Я вынула брошь-медальон, откинула крышку. Гостиничные огни бросали на портрет оранжевые отсветы.
«Куда теперь?» — мысленно спросила я юношу с миниатюры.
Он сжимал распятие и как-то загадочно смотрел на меня: надменно и в то же время озорно.
35
Пока никто не видел, Бен быстро провел меня через черный ход в номер с двумя большими кроватями. Сэр Генри отправился в свой — освежиться. Минута-другая, и он появился у наших дверей — почти пришедший в себя, хотя и немного бледный. Я стояла у окна, вертя в руках раскрытую брошь, и смотрела, как лунный свет играет на миниатюре.
— А что, письмо ты уже забросила? — спросил сэр Генри, усаживаясь в самое удобное кресло.
— Они с брошью взаимосвязаны, — ответила я. — Понять бы только — как?
«Но лета твоего нетленны дни, — говорила золотая надпись. — К вящей славе Божией».

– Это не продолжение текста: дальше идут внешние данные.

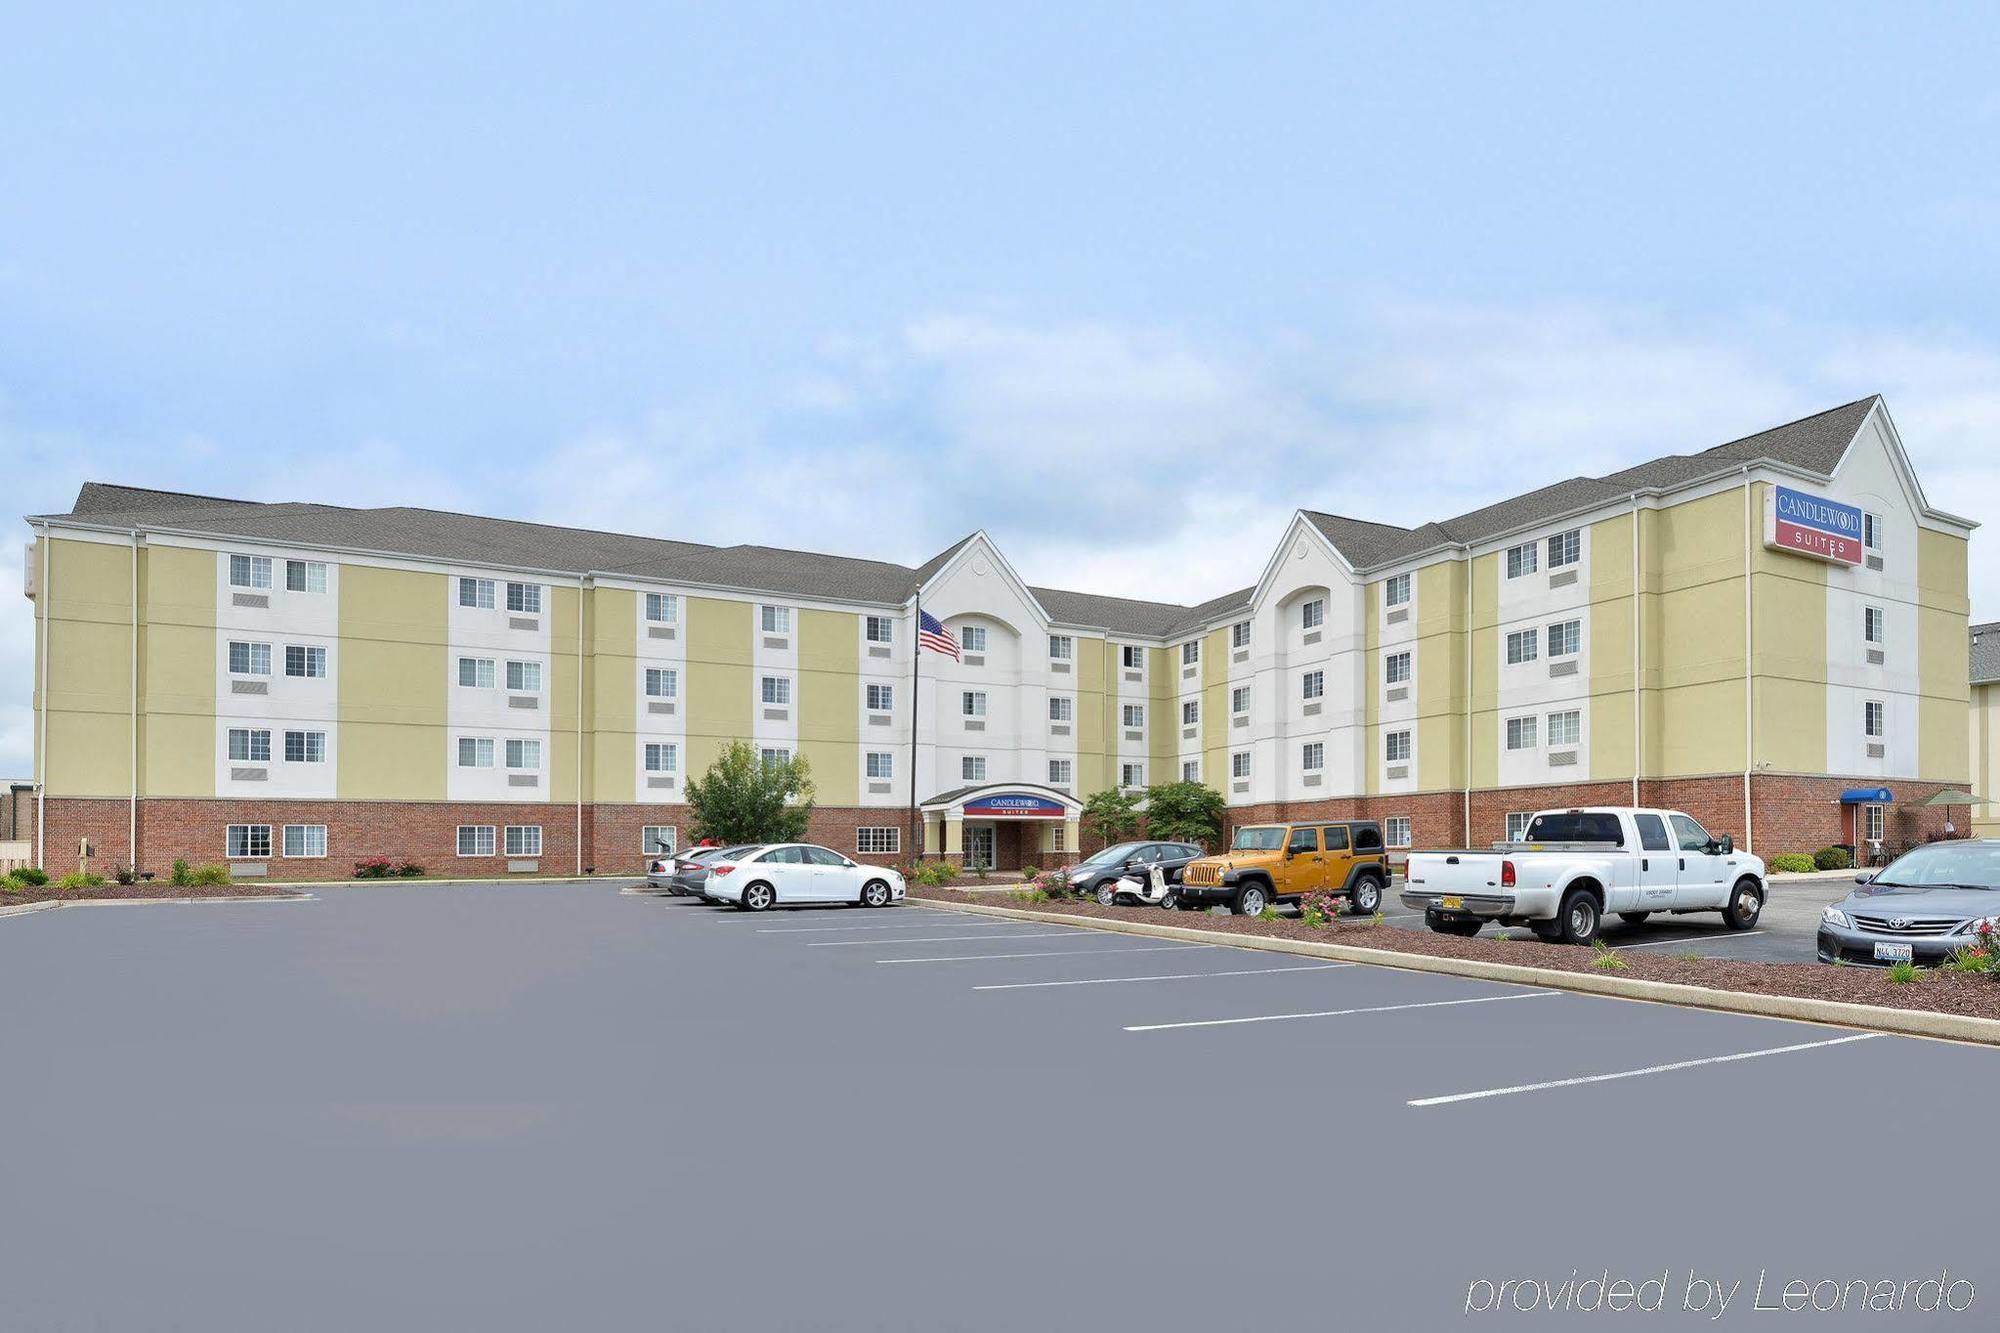 Candlewood Suites Bloomington-Normal Exterior photo

И что же общего было у нее с письмом, которое мы только что нашли? Быть может, прямой связи нет, но ведь Офелия ясно сказала, что с них начинаются два пути к истине! Значит, они принадлежат одному тесному миру.
Роз всегда твердила мне: «Хочешь понять смысл — изучи контекст». Как же письмо поясняет миниатюру или, наоборот, миниатюра — письмо?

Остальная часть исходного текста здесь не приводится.